驿卒简直要急哭了,他只是个最低贱的驿卒,出了这种事,头一个受罚的就是他。
而王驿使作为他的顶头上司,也与此脱不了关系,甚至还可能连累到驿丞大人。
“驿医呢?”
王驿使问。
驿卒哭道:“他回乡过年了,半个月前就走了,您忘了吗?”
这可怎么办?镇上倒也不是没有医馆,可这年头,能治人的大夫多,能治马的少哇……
“能让我进来瞧瞧吗?”
一道恬淡的女子话音突兀地出现在了马房门口,王驿与驿卒齐齐扭过头去,却见是方才那个站在雪地里的小村姑。
王驿使沉声道:“你进来做什么?还不快出去!”
俞婉的唇角弯了弯,指着瘫在地上的汗血马:“确定要我出去吗?我能治好它哦。

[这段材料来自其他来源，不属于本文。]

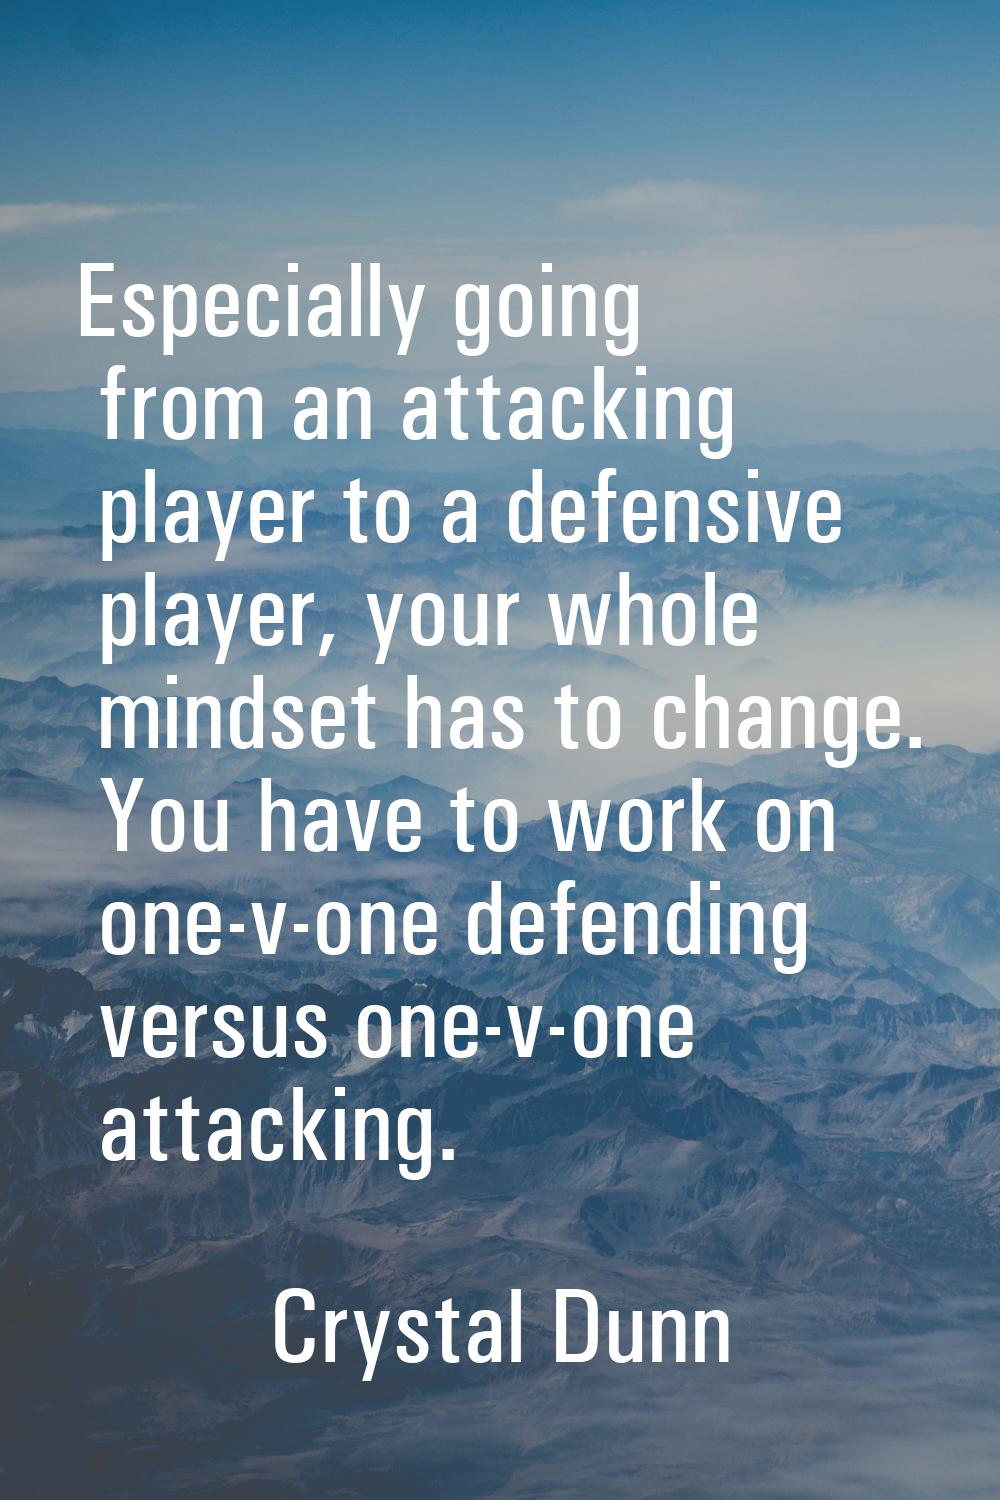 Especially going from an attacking player to a defensive player, your whole mindset has to change. 
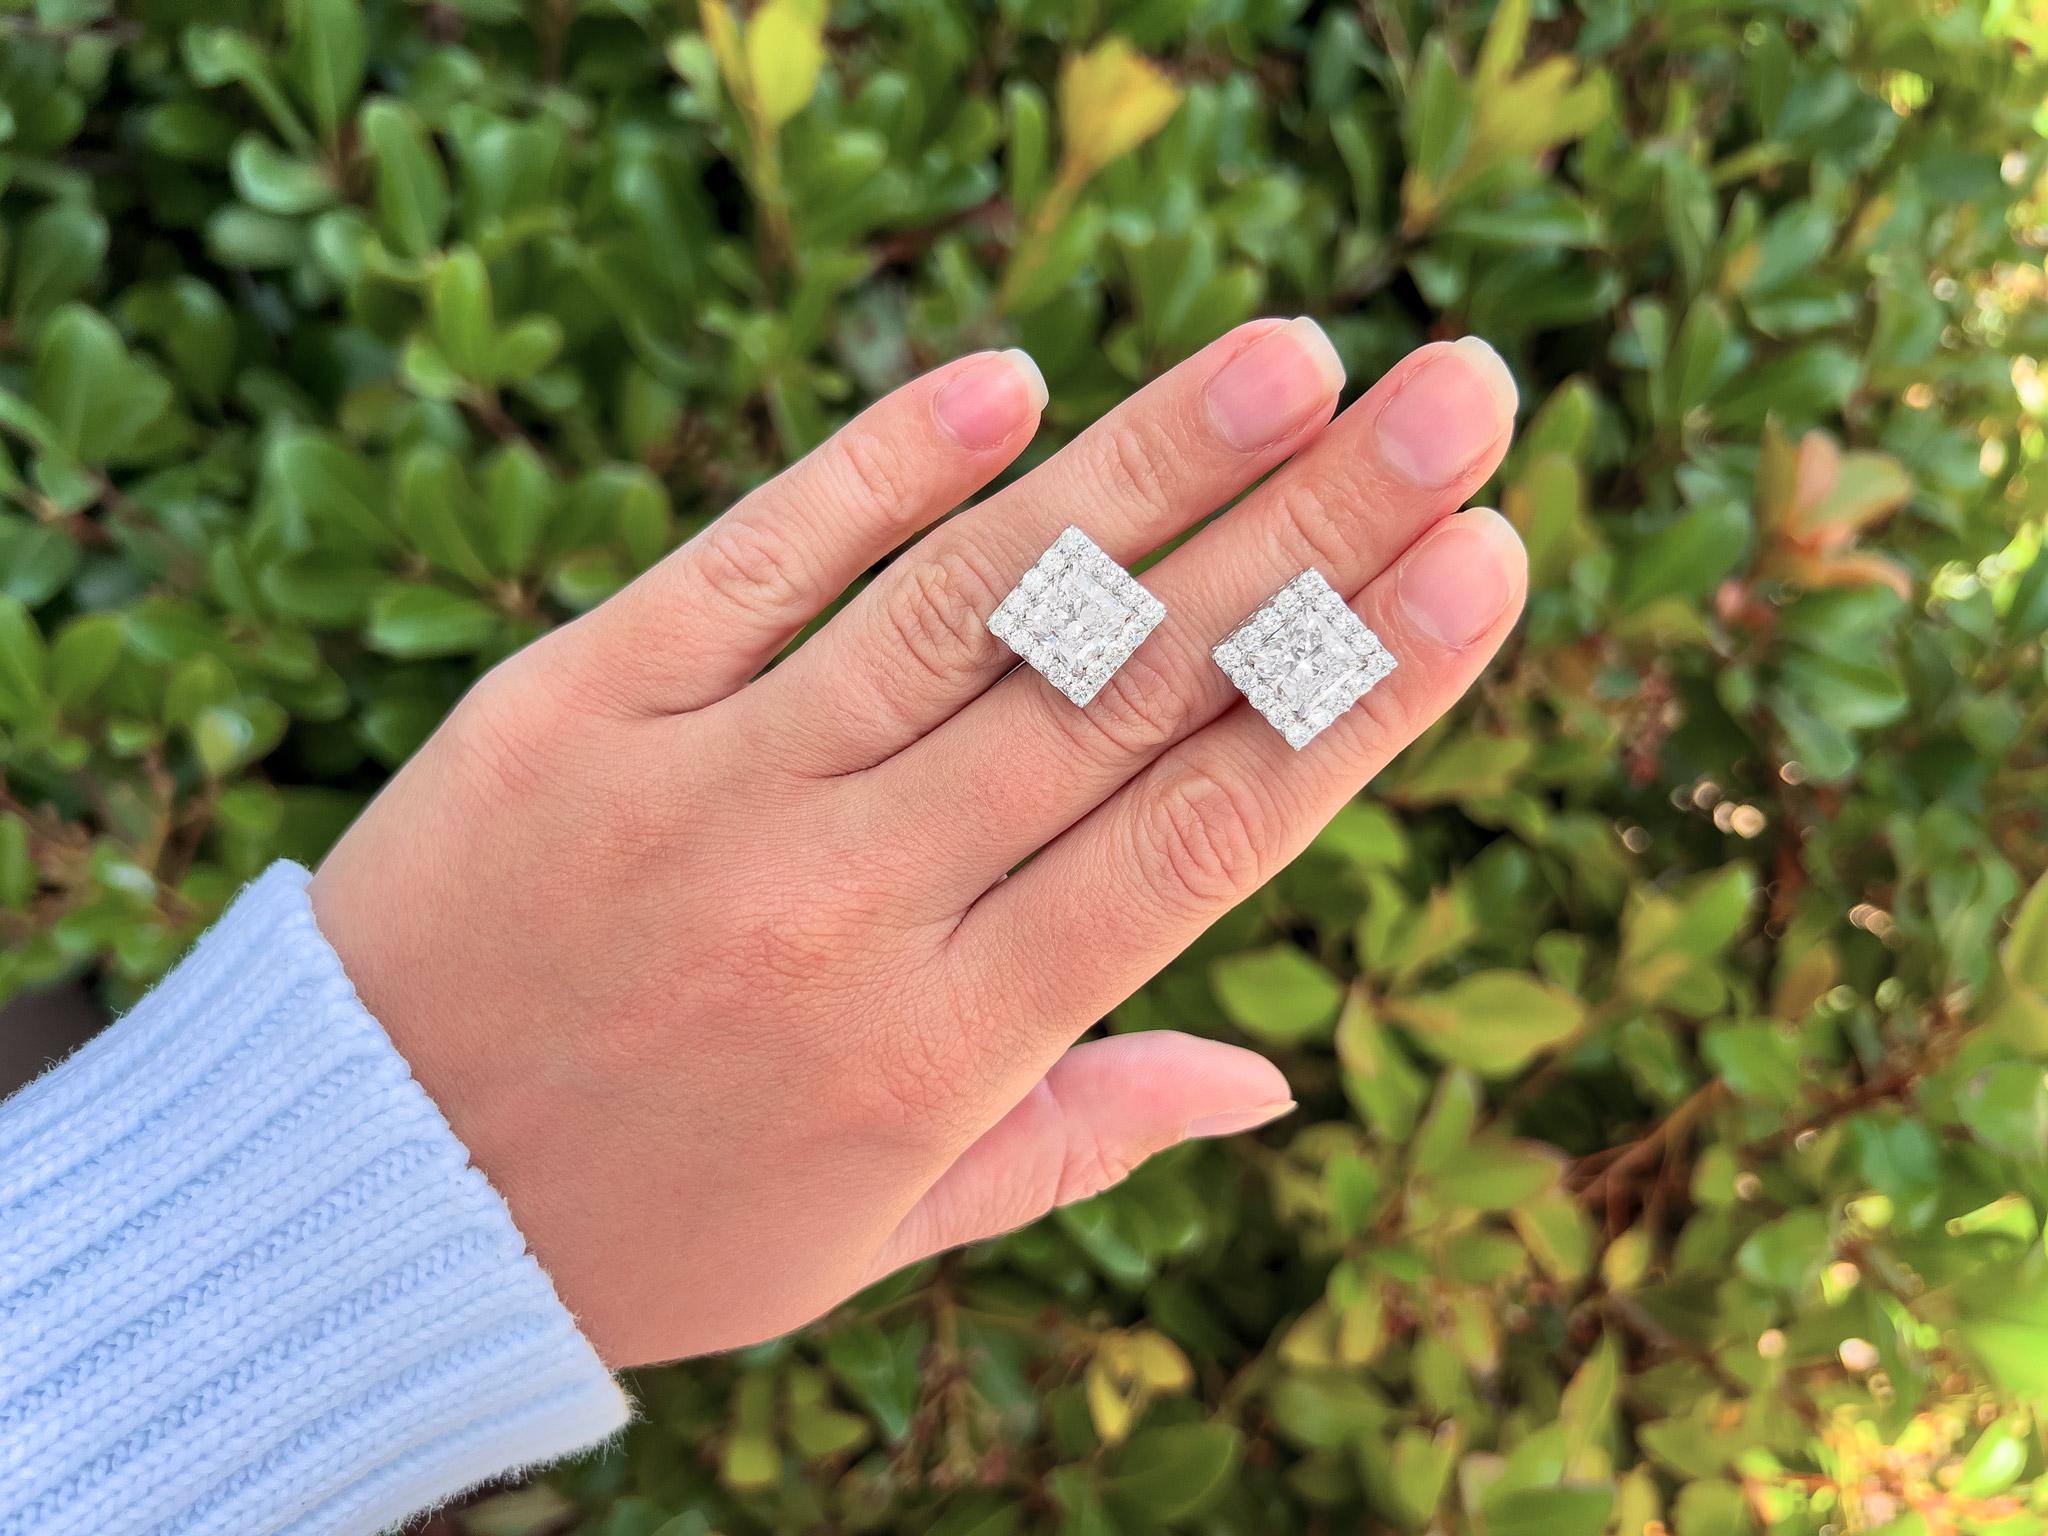 Princess Cut Diamond Stud Earrings 3+ Carat Each with Diamond Halo 18k Gold In Excellent Condition For Sale In Carlsbad, CA

”
“你胡说什么?”
一个村姑能治马,打死他都不信!
俞婉道:“但我不能白给它治,你得答应帮我阿爹捎东西才行。”
“你……”
俞婉接着道:“至于诊金嘛,你运费收我多少,我只多收你一半,很划算吧?”
那嗟叹的语气,仿佛真是让他占尽了便宜一般。
可她知不知道,从这儿到西北大营的运费到底是多少?!
王驿使咬牙切齿地看了她一眼:“你真能治?”
“不信就算了。”
俞婉说罢,扭头就走。
“慢着!”
王驿使开口了,“你的东西我可以帮你捎过去,但将军府的千金我也得罪不起,只能帮你捎一个。”
“三个。”
“两个。”
“不治了!”
“你回来!”
俞婉转过头来。
王驿使气得直抽抽:“三……三个就三个!
不过我丑话说在前头,这不是寻常的马,治不好它,你的小命也没了!”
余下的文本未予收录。